The balance sheet shows the financial situation of a company at a given time. It shows the assets, liabilities and capital stock of the company. Assets are the economic resources of a business, including cash, inventory, and equipment. Liabilities are the debts of a company. Owners’ equity is an owner’s right to the assets of a business.

The relationship between assets, liabilities and equity is as follows:

Assets = Liabilities + Owner’s Equity

Definitions of the terms listed on the balance sheet:

Since it takes you a long time to search all these definitions individually, I organized them on one page so that you can quickly and easily refer to them in the future. I streamlined the process so you can focus on what’s most important – making decisions to capitalize on information.

Asset: The economic resources of a company. Assets are divided into two categories: current and non-current.

Current assets: all assets that are expected to be converted into cash within 1 year.

Cash: Physical cash available.

Short-term investments: investments that will mature in 1 year.

Net Accounts Receivable – The amount your customers owe you.

Inventory: Raw materials, work in progress, and finished goods for sale.

No Current Assets – Assets are not expected to be converted to cash within 1 year.

Long-term investments – Investments that your company intends to hold for more than 1 year, such as stocks, bonds, real estate, and cash reserved for specific projects.

Property, plant and equipment – Assets that cannot be easily liquidated, such as buildings, furniture, office equipment, vehicles, and machinery.

Goodwill: The difference between the price paid by a company minus its net assets. It is usually needed after an acquisition.

Intangible Assets – Assets that cannot be physically seen, touched, or measured. They include copyrights, patents, and trademarks.

Liabilities: The claims of creditors on the assets of your company.

Current liabilities: debts or obligations that mature within 1 year.

Accounts Payable – How much your business owes to your suppliers.

Short Term Debt: Loans maturing within 1 year.

Non-current liabilities: debts or obligations that do not mature this year.

Long Term Debt: Loans and financial obligations with a duration greater than 1 year.

Deferred Long-Term Liability Charges: Tax liabilities to be paid next year. They can also include contractual forward obligations such as swaps and derivatives. It is best to refer to the footnotes of the financial report to better understand what they are made of.

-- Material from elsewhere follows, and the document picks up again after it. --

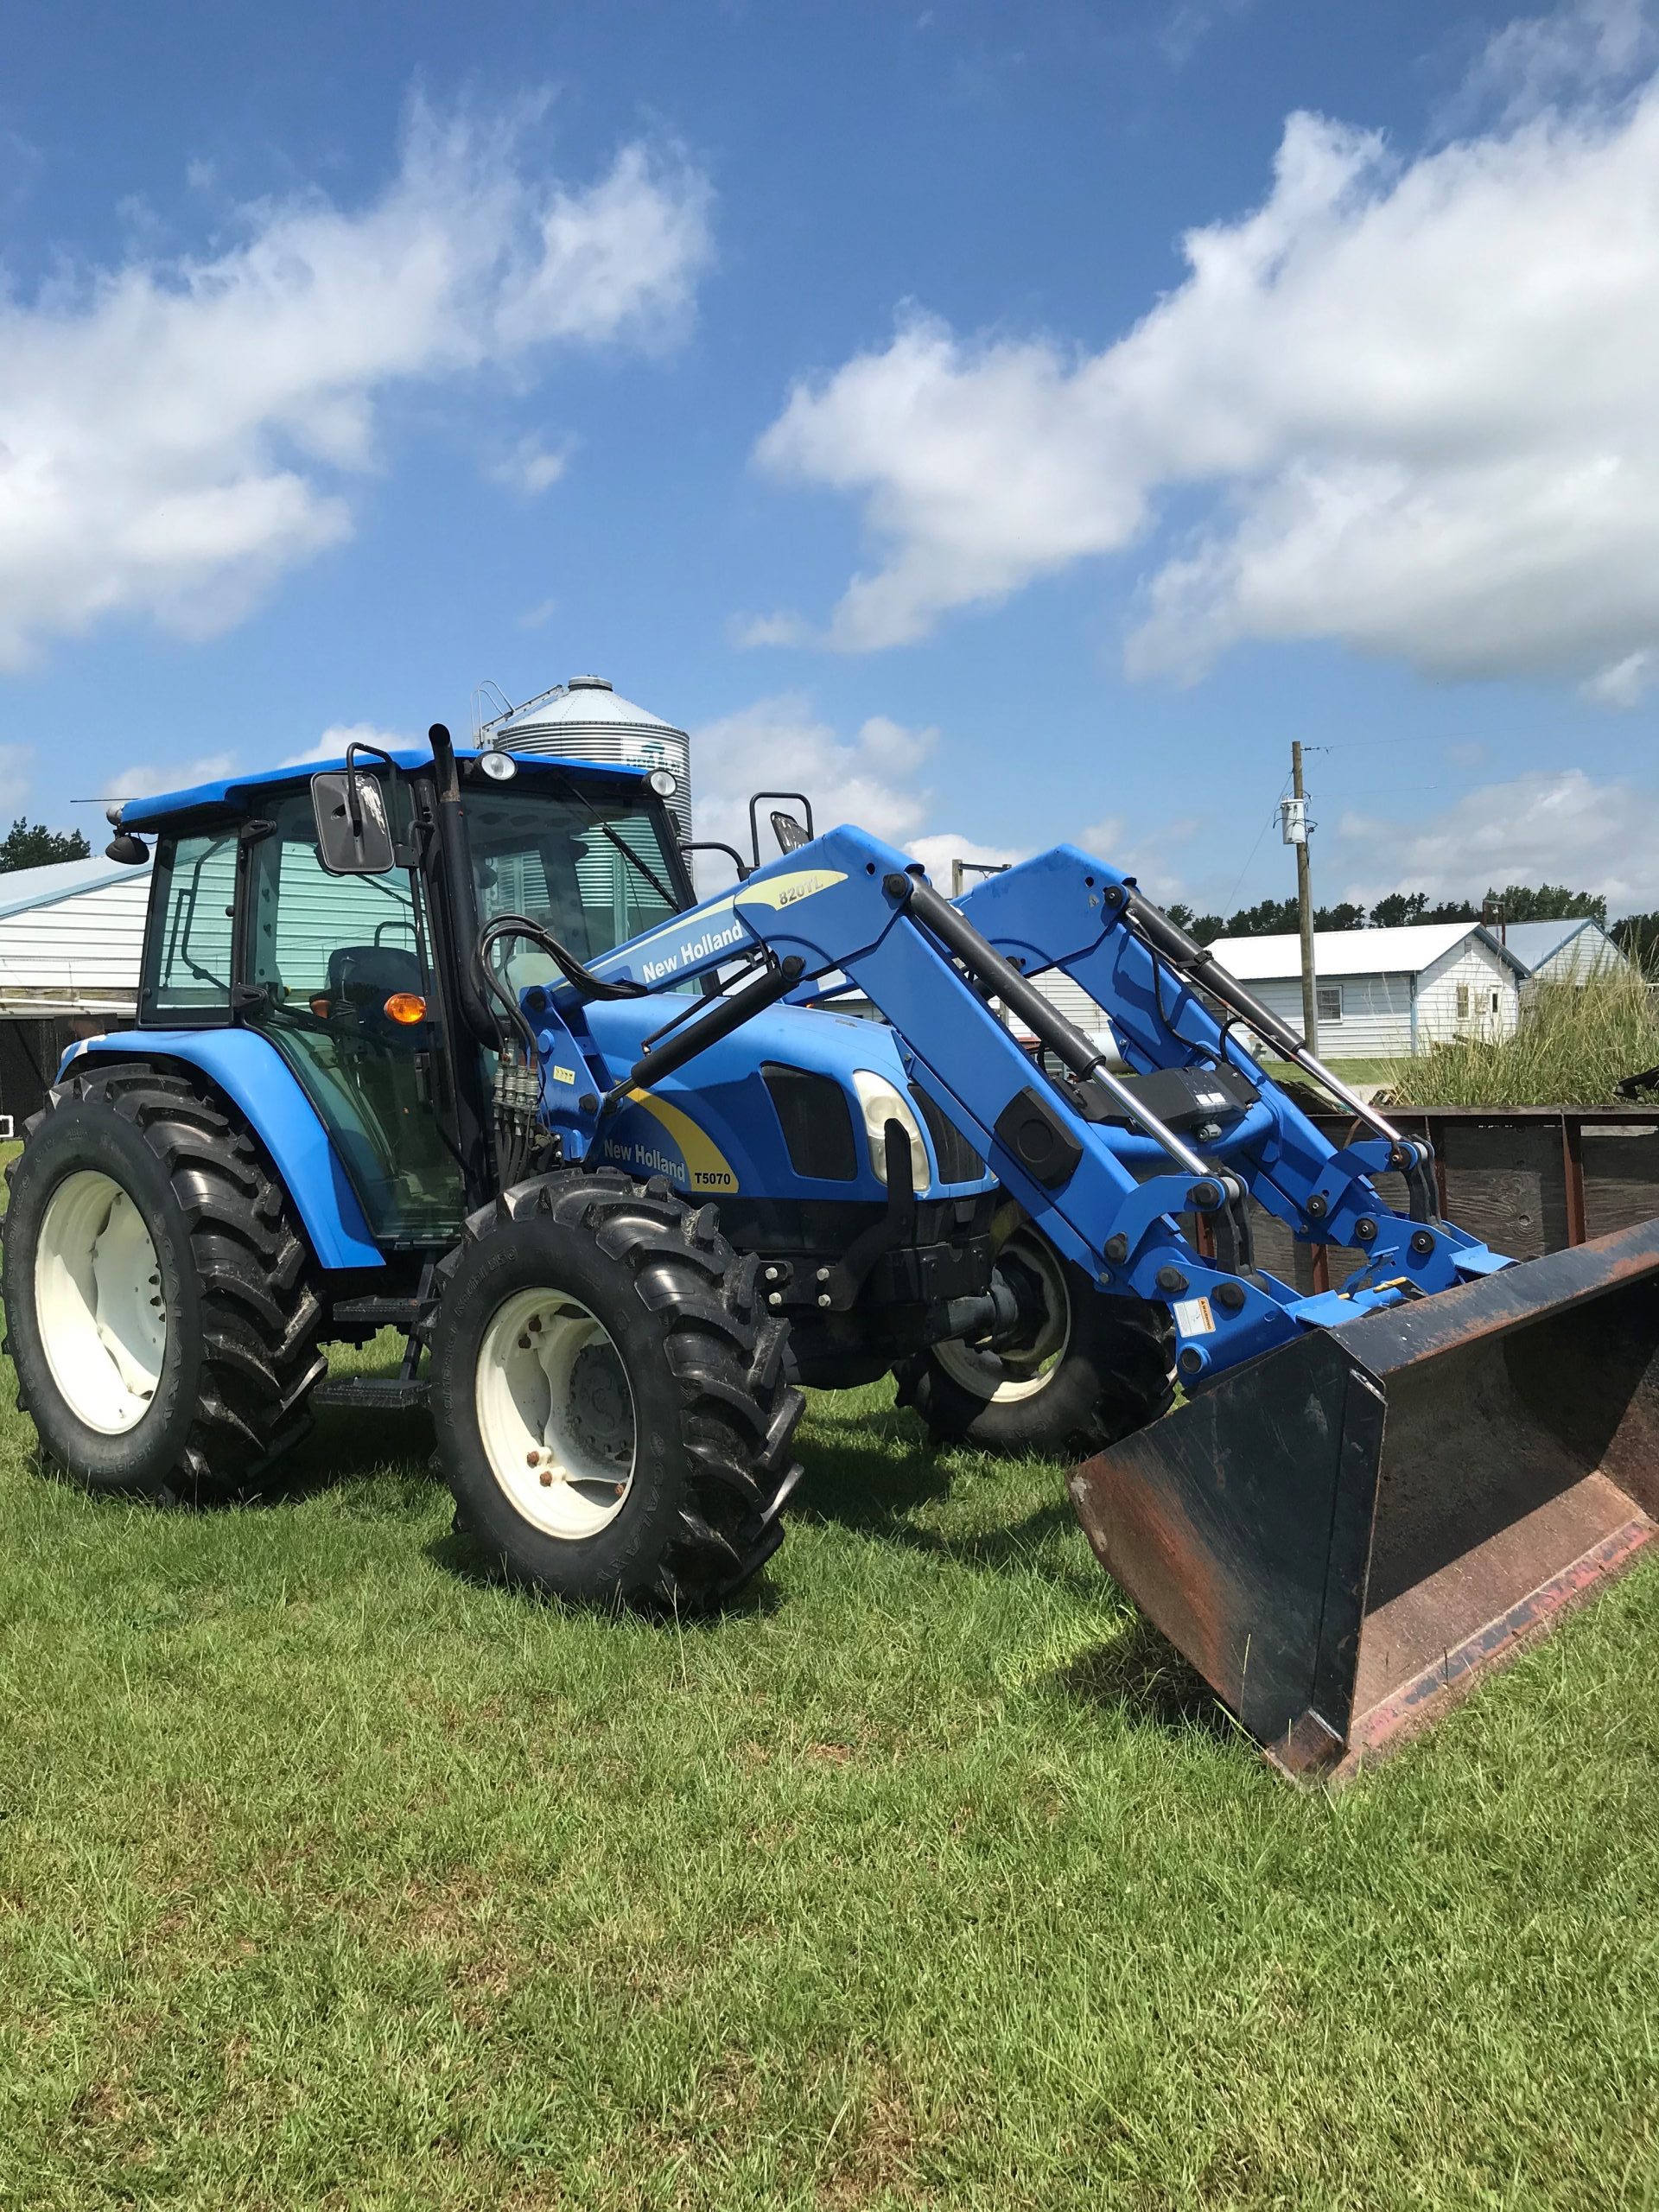 It’s important to check that tractors and equipment are available and in good working order for emergencies. Some farmers may park equipment in the middle of their fields, on high ground, to guarantee that they are easily accessible after a storm, and to prevent damage from fallen trees or power lines.

Capital of the shareholders: Claim of the owners on the assets of the company. For a publicly traded company like Apple, it is the amount of cash you receive in exchange for “shares” in the company. It also includes the retained earnings (defined below) that a business can accumulate over time.

Preferred Stock – A type of stock that has a greater claim on the assets of a company than ordinary shares in the event of liquidation. This stock pays a dividend, however the price does not appreciate as quickly as ordinary shares. Preferred shareholders do not have the right to vote.

Common Stocks: Common stocks have the lowest priority level over a company’s assets. The price of common stocks generally appreciates faster than stocks and preferred bonds. You probably have common stocks in your investment portfolio.

Retained earnings: earnings that are reinvested in the business.

Treasury shares: shares that a company maintains in its own treasury. They may come from a buyback or they were never issued to the public in the first place.

Capital surplus: capital that cannot be classified as equities or retained earnings. Usually shares that were issued at a premium over their value.

There are many pieces to the balance sheet and you may feel a bit overwhelmed reading each definition. Don’t worry, we’ll only focus on a few of these elements when looking at a business investment. That being said, it is critical that you understand how a business is organized financially. I hope I was able to help you with this.